The album was partly recorded at the Astoria recording studio, a houseboat-studio owned by Pink Floyd guitarist, David Gilmour. During production, the album was given the working title of Strangefolk, as lead vocalist Crispian Mills revealed during a BBC Radio 2 interview on 10 September 2007. Mills explained that the album's title was only changed to Peasants, Pigs & Astronauts at the last minute before release. However, the rejected album title was later reused for the band's 2007 comeback album, Strangefolk.

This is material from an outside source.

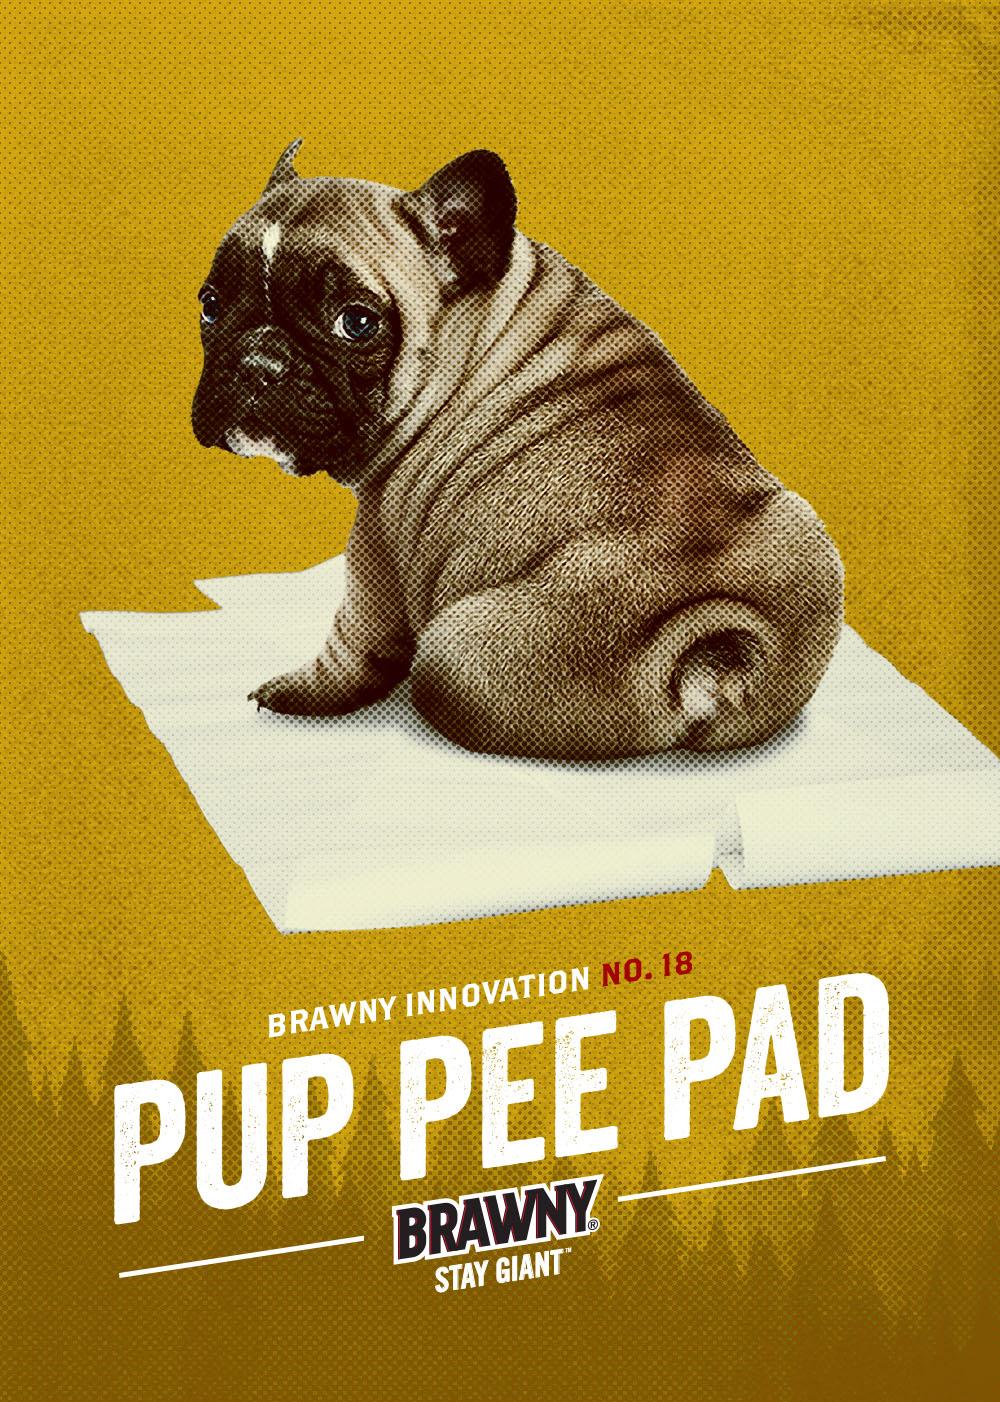 Brawny_Brawny_Innovation_Pup_Pee_Pad

In addition, Peasants, Pigs & Astronauts was originally intended to feature the song "Strangefolk", a 10-minute-long track that began with the spoken introduction "In the beginning was the word, and the word was...'Om Keshavaya namah aum'." Ultimately, this track was not released on the album but an excerpt of it was included as a hidden track on the 2002 compilation album, Kollected: The Best of Kula Shaker. Another song entitled "Strangefolk" was included on the 2007 reunion album but despite its identical title, this song is not the same as the Peasants, Pigs & Astronauts outtake. The full version was eventually released on the anniversary edition of the album as a bonus track.

==Release and legacy==

The album was released on 8 March 1999 and reached #9 in the UK Albums Chart, during a chart stay of 10 weeks. It was less successful in the U.S., however, where it failed to break into the Billboard 200 album chart. It was preceded in April 1998 by the "Sound of Drums" single which reached #3 on the UK Singles Chart. Two further singles were taken from Peasants, Pigs & Astronauts: "Mystical Machine Gun", which was released concurrently with the album and peaked at #14 in the UK, and "Shower Your Love", which was released in May 1999 and also reached #14 on the UK charts. None of the album's accompanying singles charted on the Billboard Hot 100 in America.

Peasants, Pigs & Astronauts was re-released in a 10th Anniversary, 2 CD edition on 20 January 2010. The 10th Anniversary edition included an expanded running order for the original album, with the outtake song "Strangefolk" included, as the band originally intended. It also featured previously unreleased demos, alternate versions of songs, and new artwork.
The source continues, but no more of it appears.